В союзе с утопией. Смысловые рубежи позднесоветской культуры — страница 9 из 63

Таким образом, «пределы» научной фантастики интересующего меня периода в целом действительно чрезвычайно заметны. Разумеется, в каких‐то произведениях они заданы особенно жестко и демонстративно (естественно, именно эти тексты цитировались мной в первую очередь), в каких‐то – присутствуют, но почти не акцентируются. Более того, стратегия осторожности и (само)ограничений вполне может подвергаться критике. Так, уже в 1954 году журнал «Техника – молодежи» публикует рисованный фельетон, название которого удивительно подходит к ситуации, только что мною рассмотренной, – «Заредактированный полет». Ироничные рисунки постоянного автора журнала Флорентия Рабизы высмеивают одновременно чрезмерную заземленность научной фантастики и (в более широком контексте) «редакторов-перестраховщиков»: рукопись «об увлекательном путешествии мальчика Сережи на далекую, загадочную планету Сатурн» в результате многоступенчатой правки, постепенно сокращающей маршрут (Луна – стратосфера – обычный самолет – трамвай), превращается в «интересный рассказ о том, как однажды послушный и воспитанный мальчик Сережа, приготовив все уроки, гулял со своей доброй бабушкой по бульвару» (Рабиза, 1954: 40).

Однако для предпринимаемого здесь исследования недостаточно указать на непреодолимые для этой литературы преграды или на полемические жесты по отношению к ним, все‐таки пока еще единичные; следующая задача – выяснить, как компенсировалась необходимость держаться в пределах, каким образом удавалось совместить должное с желаемым, какие ресурсы позволяли (и позволяли ли) включить в эту конструкцию те или иные проявления субъектности, наполнить «будущее» субъективными переживаниями и субъективным смыслом.

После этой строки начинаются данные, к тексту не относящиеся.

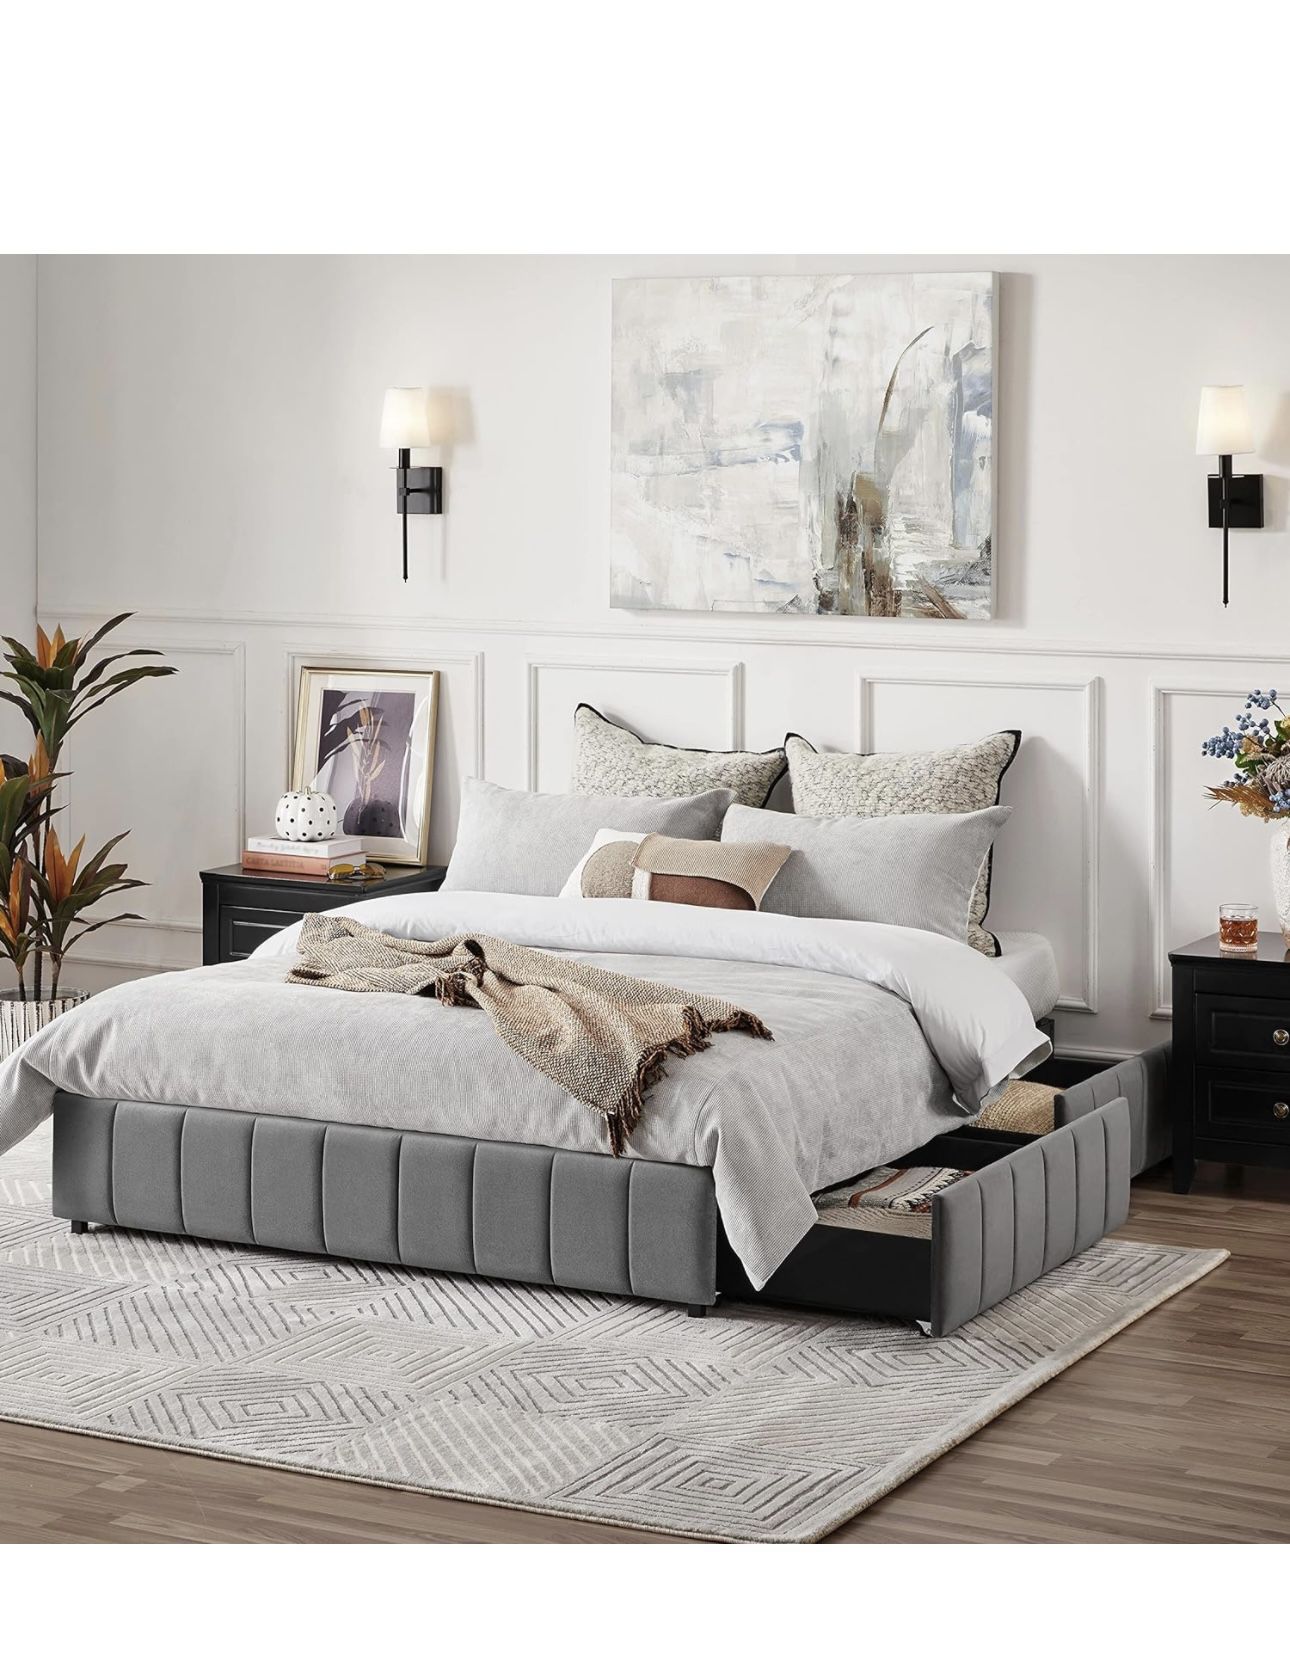 Bed Frame Upholstered Platform Bed with 4 Storage Drawers, Large Storage Space/Strong Wooden Slats/Non-Slip and Noise-Free/No Fixed Headboard/No Box S

ЭНТУЗИАЗМ, ВДОХНОВЕНИЕ, ЖАЖДА ЗНАНИЙ

Конечно, жесткость рамочных условий и большое количество непреодолимых границ уравновешивались манифестациями прямо обратного – беспредельных возможностей советского человека в познании окружающего его мира:

Побывают ли люди в окрестностях Веги? Во всяком случае, очень не скоро. Пока Вега далеко за пределами наших возможностей… Но не стоит рассуждать о пределах нам, вышедшим на передний край науки. Перед нами беспредельный мир, за нами – советские люди, их воле, мужеству, жажде знаний нет предела (Полет на луну, 1955: 168);

Советские звездолеты покроют межпланетные пространства десятками трасс своих перелетов. Они раскроют все тайны, ревниво хранимые природой. Пытливый взор человека проникнет в самые отдаленные окраины нашего мира – системы Солнца. Когда‐нибудь им станет тесно и тут. Тогда они вырвутся за пределы этой системы. Нет границ, нет пределов дерзанию свободного человеческого ума! Нет границ познанию!.. (Мартынов, 1955: 215).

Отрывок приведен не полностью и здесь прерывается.